The action is \cite{sparticle}
\bea
I_P &=& m \int d\tau \left[ g^{-1} \dot{z}^M {{\calE}_M}^\pp  \dot{z}^N
{{\calE}_N}^\mm  +
 \dot{z}^M {{\calE}_M}^A \G_A + \frac{g}{4}  \right]
\eea
where  $\G$ is a general gauge
superfield for the Wess-Zumino type term, and $g$ is the einbein on the
worldline of the superparticle. With
 $\widehat{\Del}_A = \Del_A + \G_A$, including now the gauge field,  we have
\beq
[\widehat{\Del}_A, \widehat{\Del}_B\} = {T_{AB}}^C \widehat{\Del}_C + R_{AB} M
+ F_{AB}
\eeq
which defines the torsions, curvatures and gauge field strengths, respectively,
where $\di_{[M} {{\calE}_{N)}}^A = {T_{NM}}^A + {\o_{[MN)}}^A$, and
$F_{AB} = \Del_{[A} \G_{B)} - {T_{AB}}^C \G_C$,
with $\{\G_A, \G_B ] = 0$. The constraints on $\G$ are
\bea
\G_\pp = - i \Del_+ \G_+  &,& \G_\mm = - i \Del_- \G_- \non \\
F_{+-}=F_{-+} &=& \Del_+ \G_- +\Del_- \G_+ = i  \label{Gammacons}
\eea
and all other $F$'s are zero,
consistent with the Bianchi identities \cite{jim}.

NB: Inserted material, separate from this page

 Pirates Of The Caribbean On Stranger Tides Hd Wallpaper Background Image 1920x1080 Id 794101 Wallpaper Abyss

The action is $\k$-invariant
 under transformations of the coordinates in curved superspace provided
 that the supergravity constraints and those on $\G$ are satisfied.

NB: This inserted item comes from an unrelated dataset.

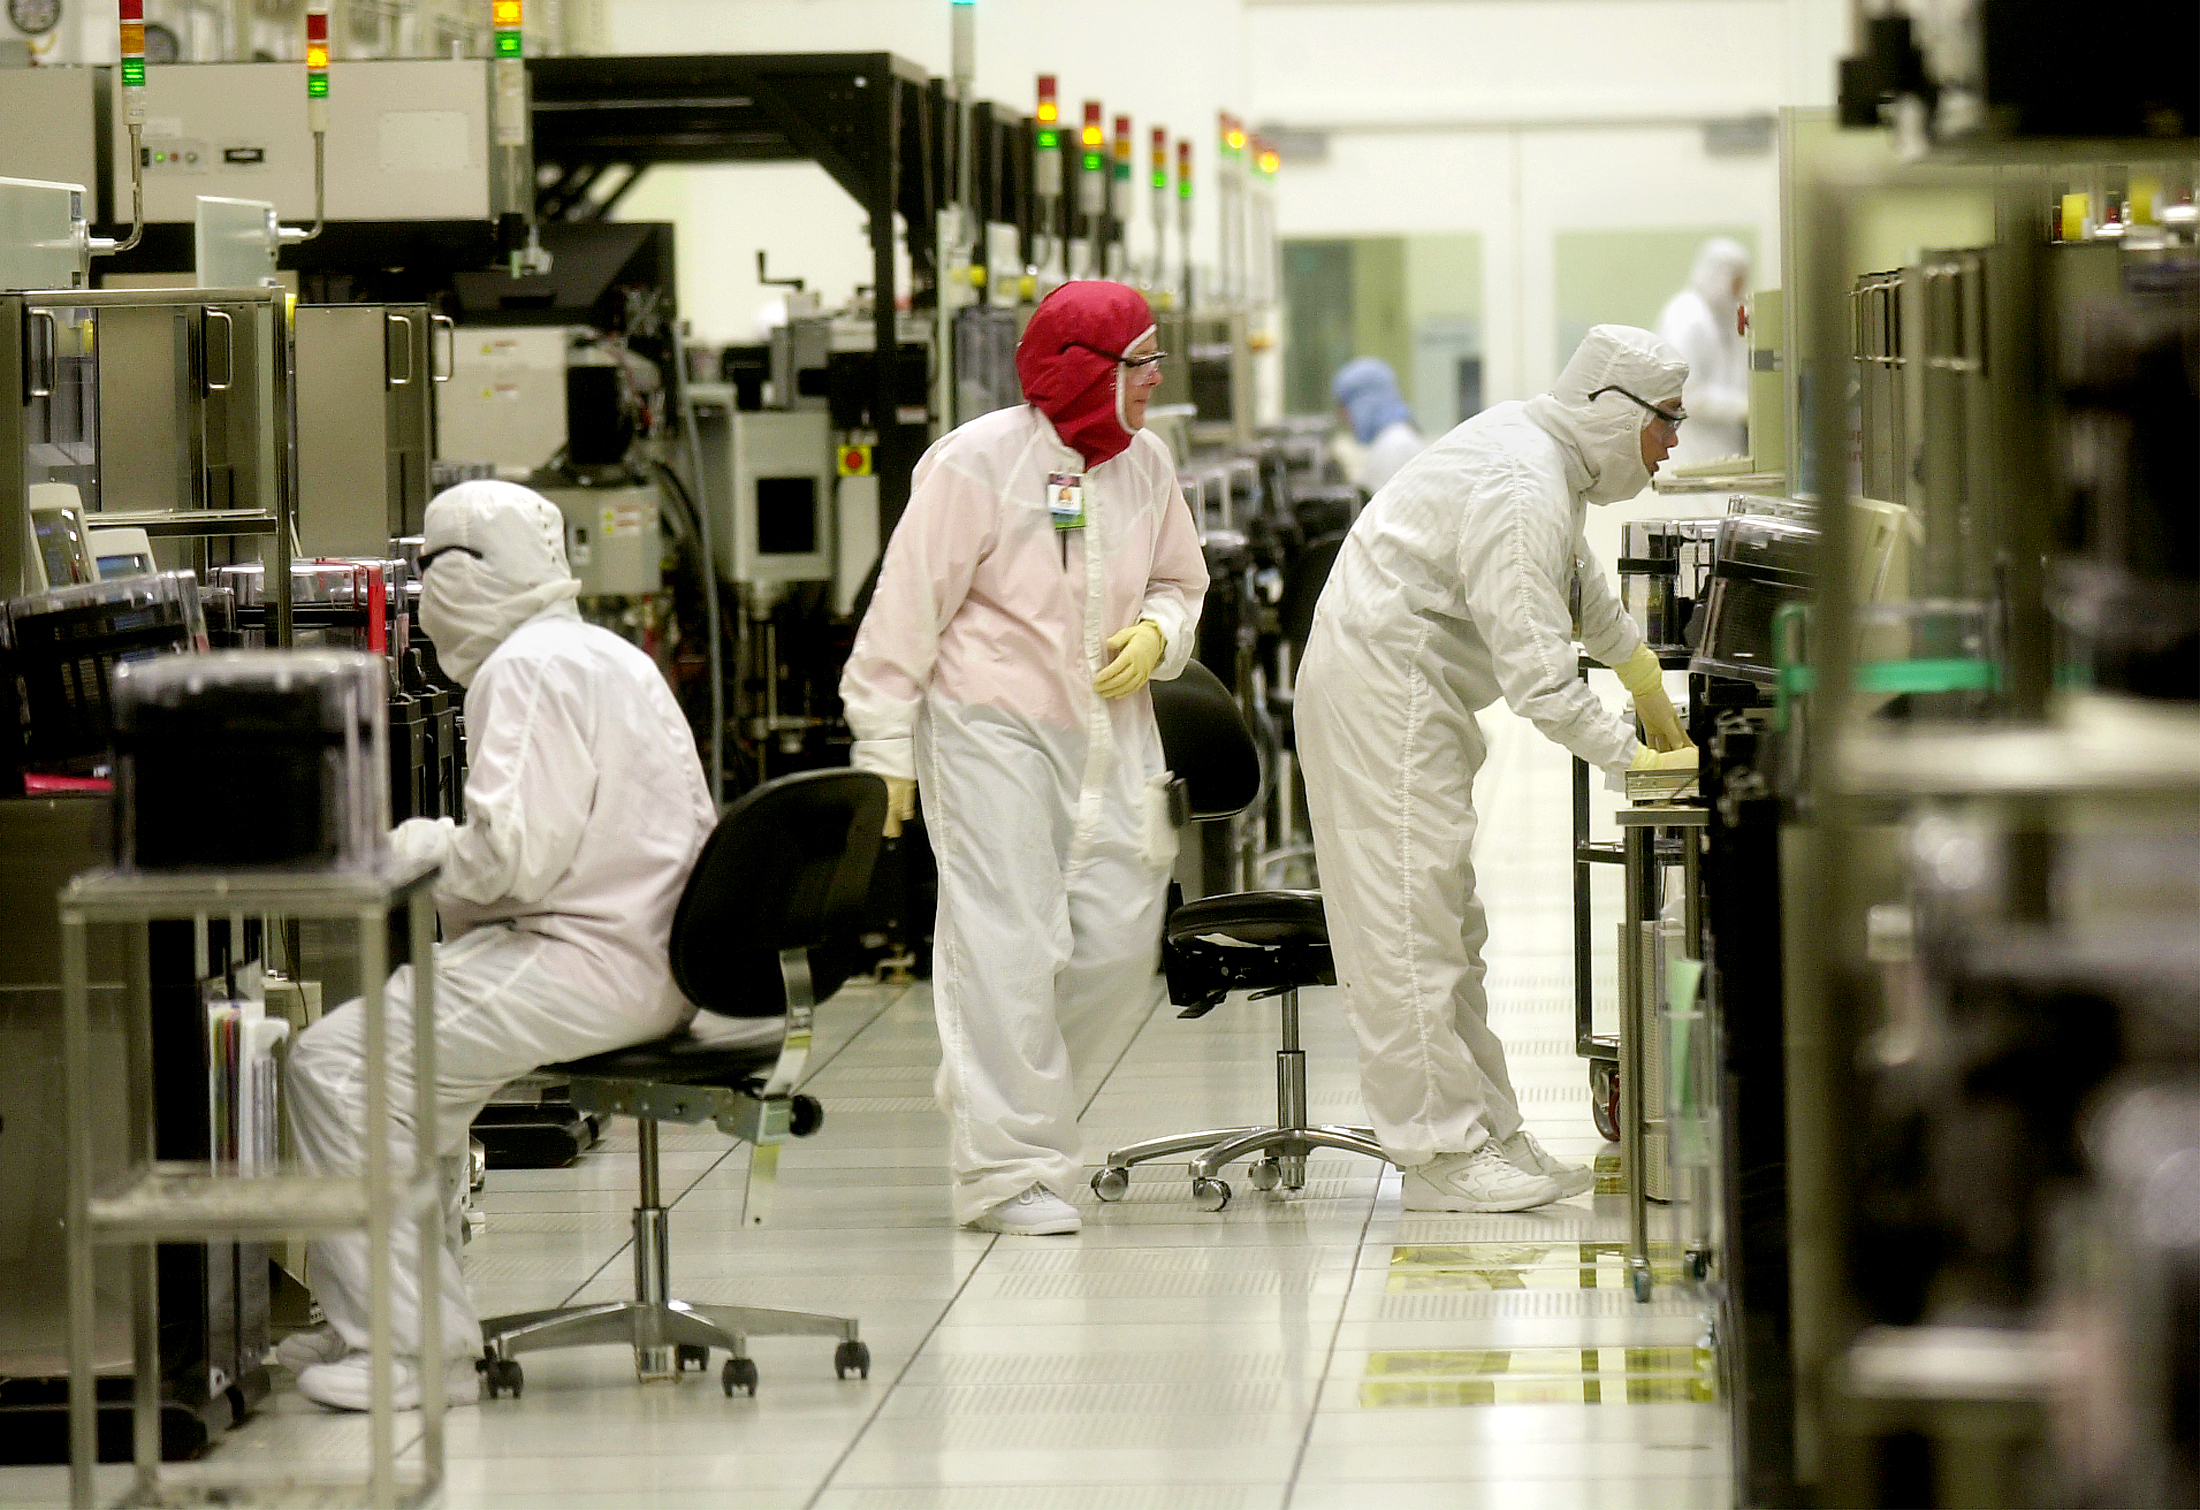 TSMC, which oversees WaferTech in Camas, could be eligible to receive the funds under the CHIPS Act. The company is planning to expand its U.S. presence — but not in Camas. Last May, TSMC’s board of directors approved creating a subsidiary in Arizona.

  The action for the superparticle in superconformal gauge is
\beq
I_P =  m \int d^4z \int d\tau \left[ g^{-1} \dot{{z_0}}^M {{\calE}_M}^\pp
\dot{{z_0}}^N {{\calE}_N}^\mm
  + \dot{{z_0}}^M  {{\calE}_M}^A \G_A + \frac{g}{4} \right] \d (z -
{z_0}(\tau))
\eeq
where $z = (x, \th)$ are the coordinates of the superspace, and ${z_0}(\tau) =
( {x_0}(\tau),
{\th_0}(\tau))$ are the coordinates of the superparticle.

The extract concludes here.